*WHAT THE TASK REQUIRES*:
Every line of the listing below is to be duplicated exactly, with the pictures left out.

*GIVEN DATA*:
========================================================================

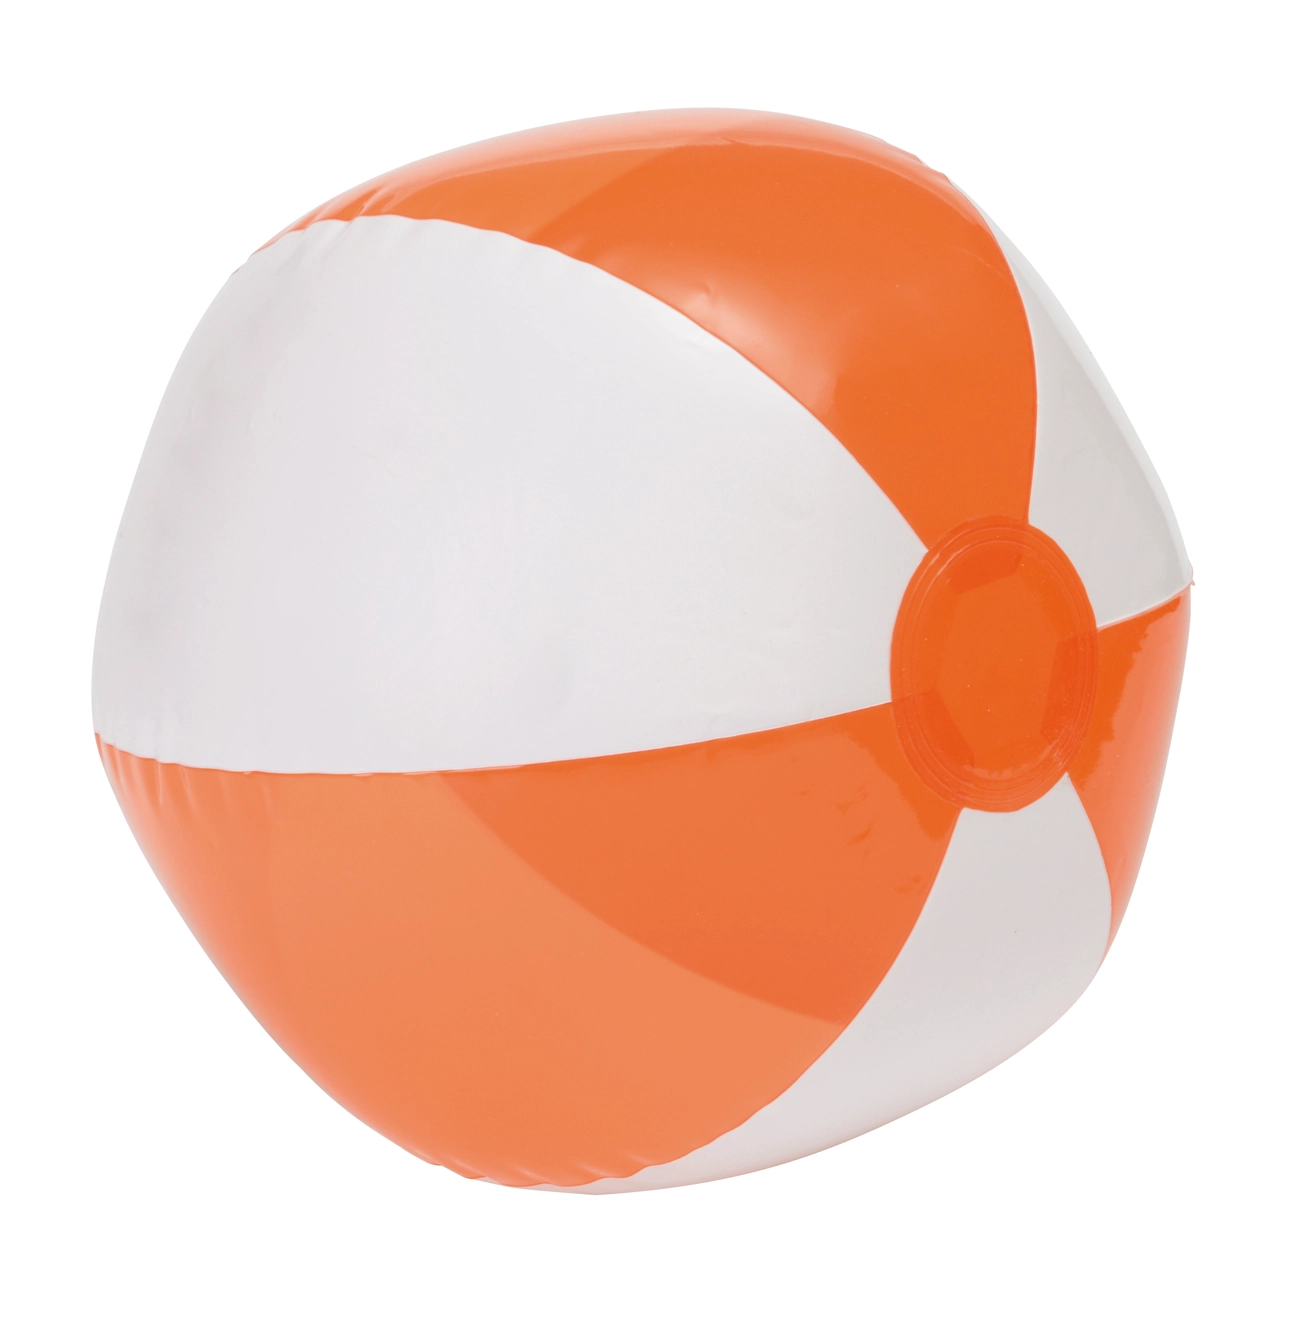 Piłka plażowa OCEAN, biały, transparentny pomarańczowy 56-0602147 biały
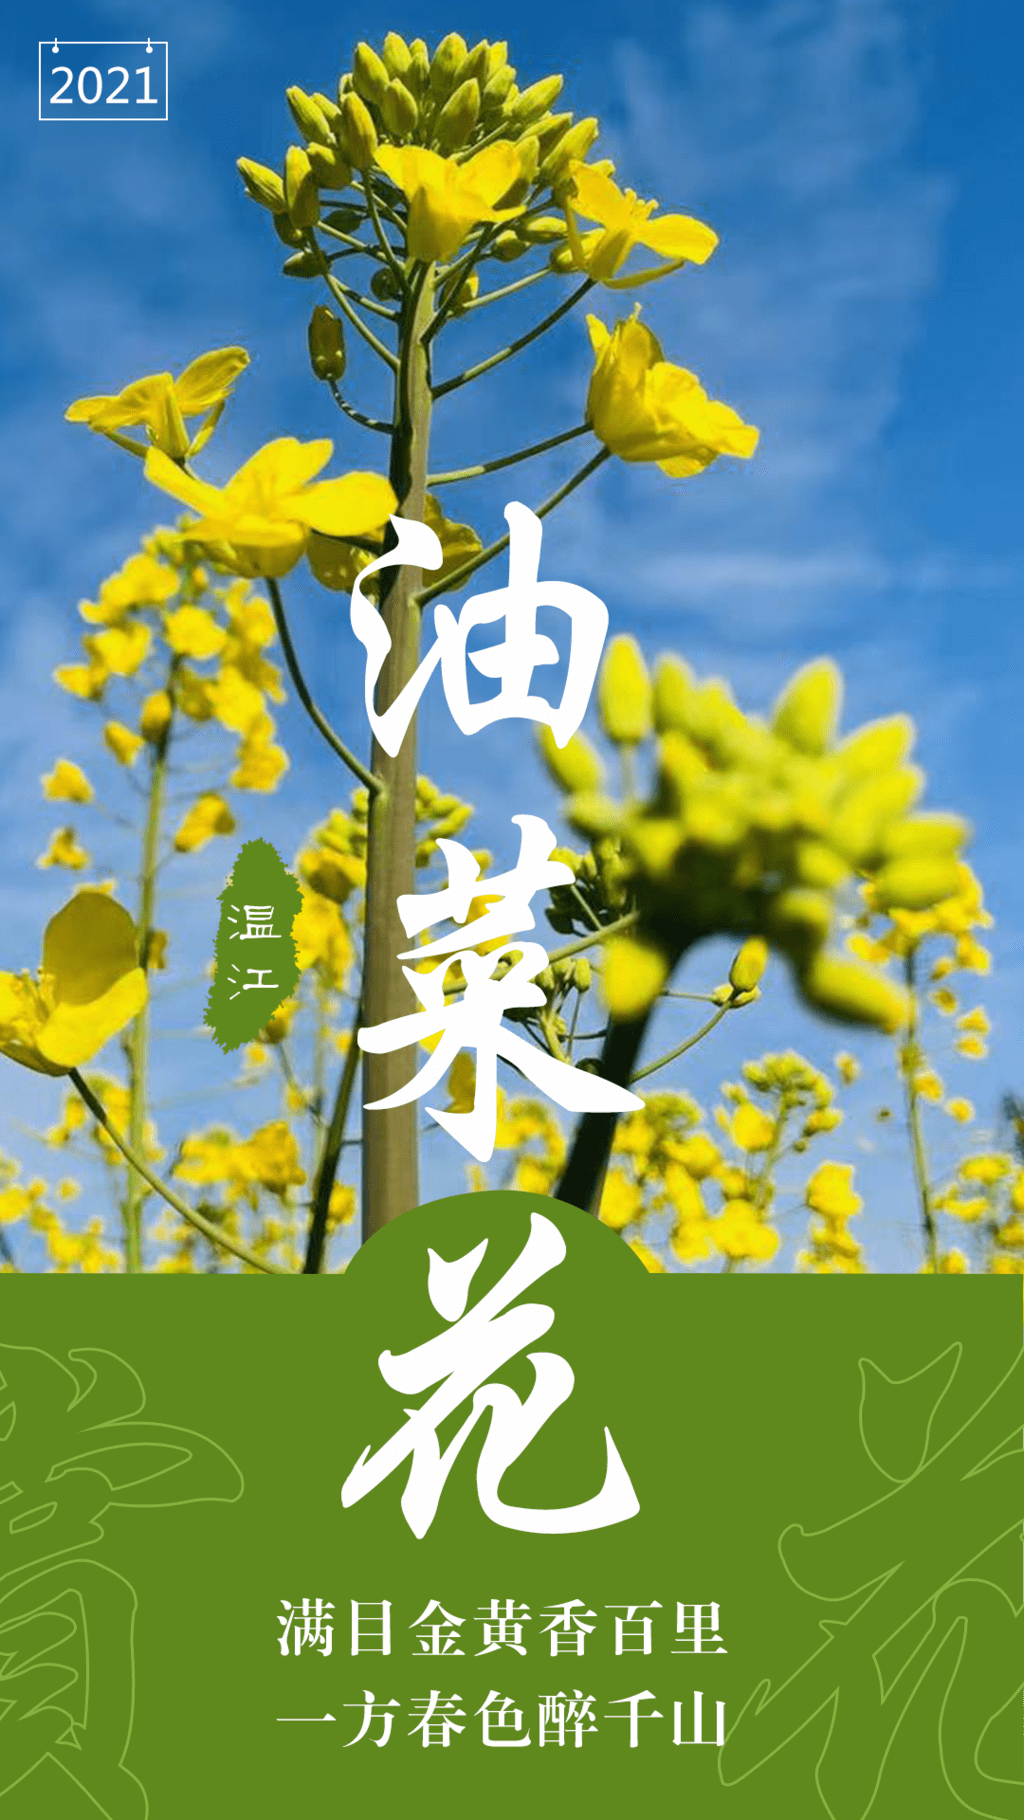 成都市温江区赏花地图上线，带你看“花花世界”
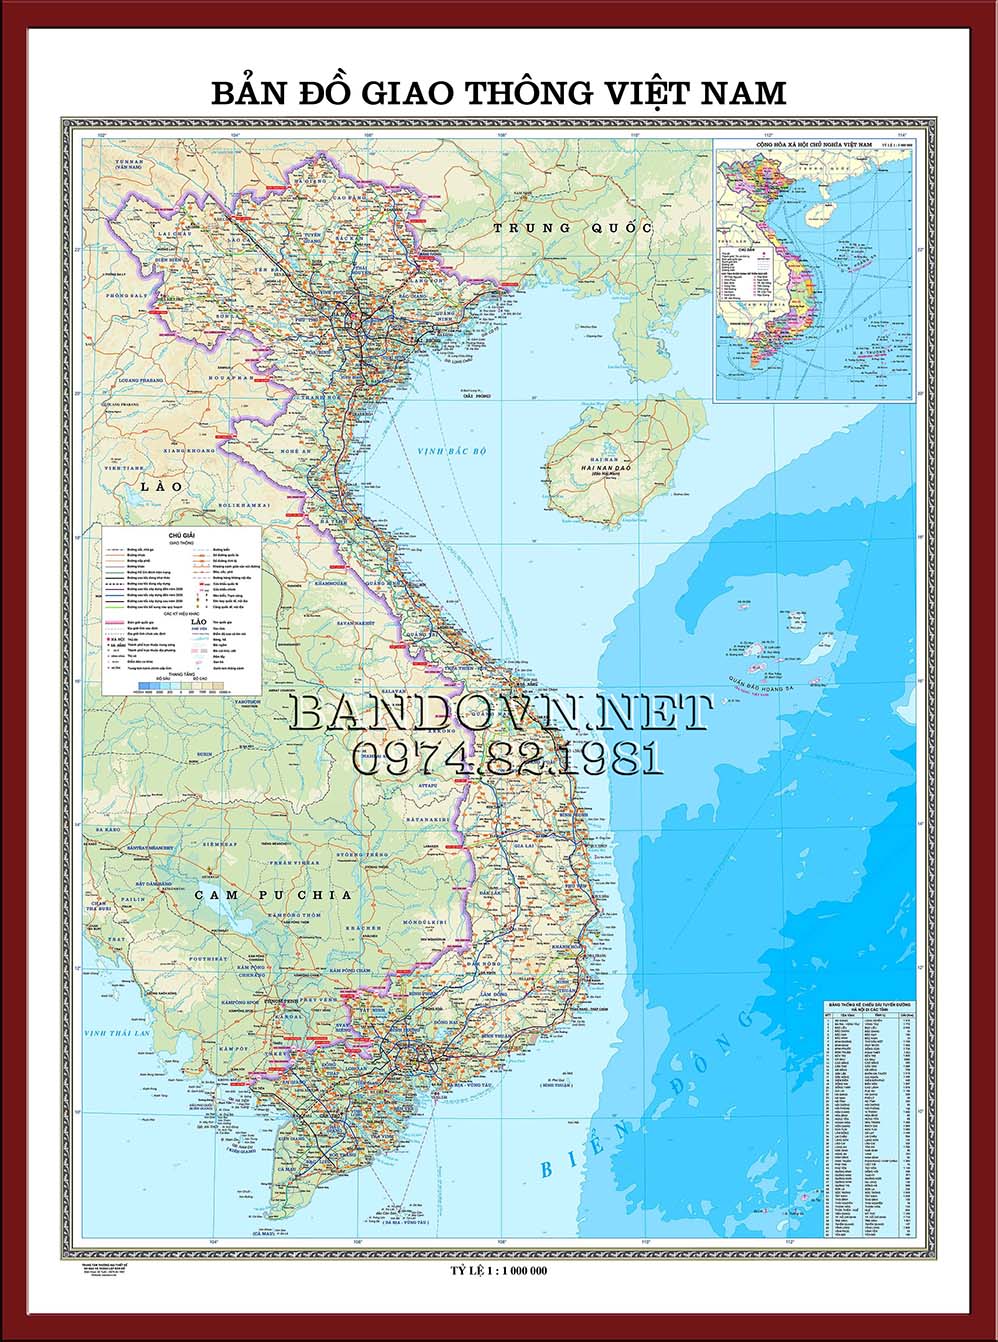 Bản đồ giao thông Việt Nam: Mở ngay bản đồ giao thông Việt Nam để tìm hiểu về hệ thống đường bộ cũng như các tuyến đường sắt và đường thủy. Các thông tin chi tiết về lưu lượng giao thông và tình hình kẹt xe sẽ giúp bạn lựa chọn hành trình thích hợp.

========================================================================

*EXERCISE RESULT*:
 Piłka plażowa OCEAN, biały, transparentny pomarańczowy 56-0602147 biały
 成都市温江区赏花地图上线，带你看“花花世界”
 Bản đồ giao thông Việt Nam: Mở ngay bản đồ giao thông Việt Nam để tìm hiểu về hệ thống đường bộ cũng như các tuyến đường sắt và đường thủy. Các thông tin chi tiết về lưu lượng giao thông và tình hình kẹt xe sẽ giúp bạn lựa chọn hành trình thích hợp.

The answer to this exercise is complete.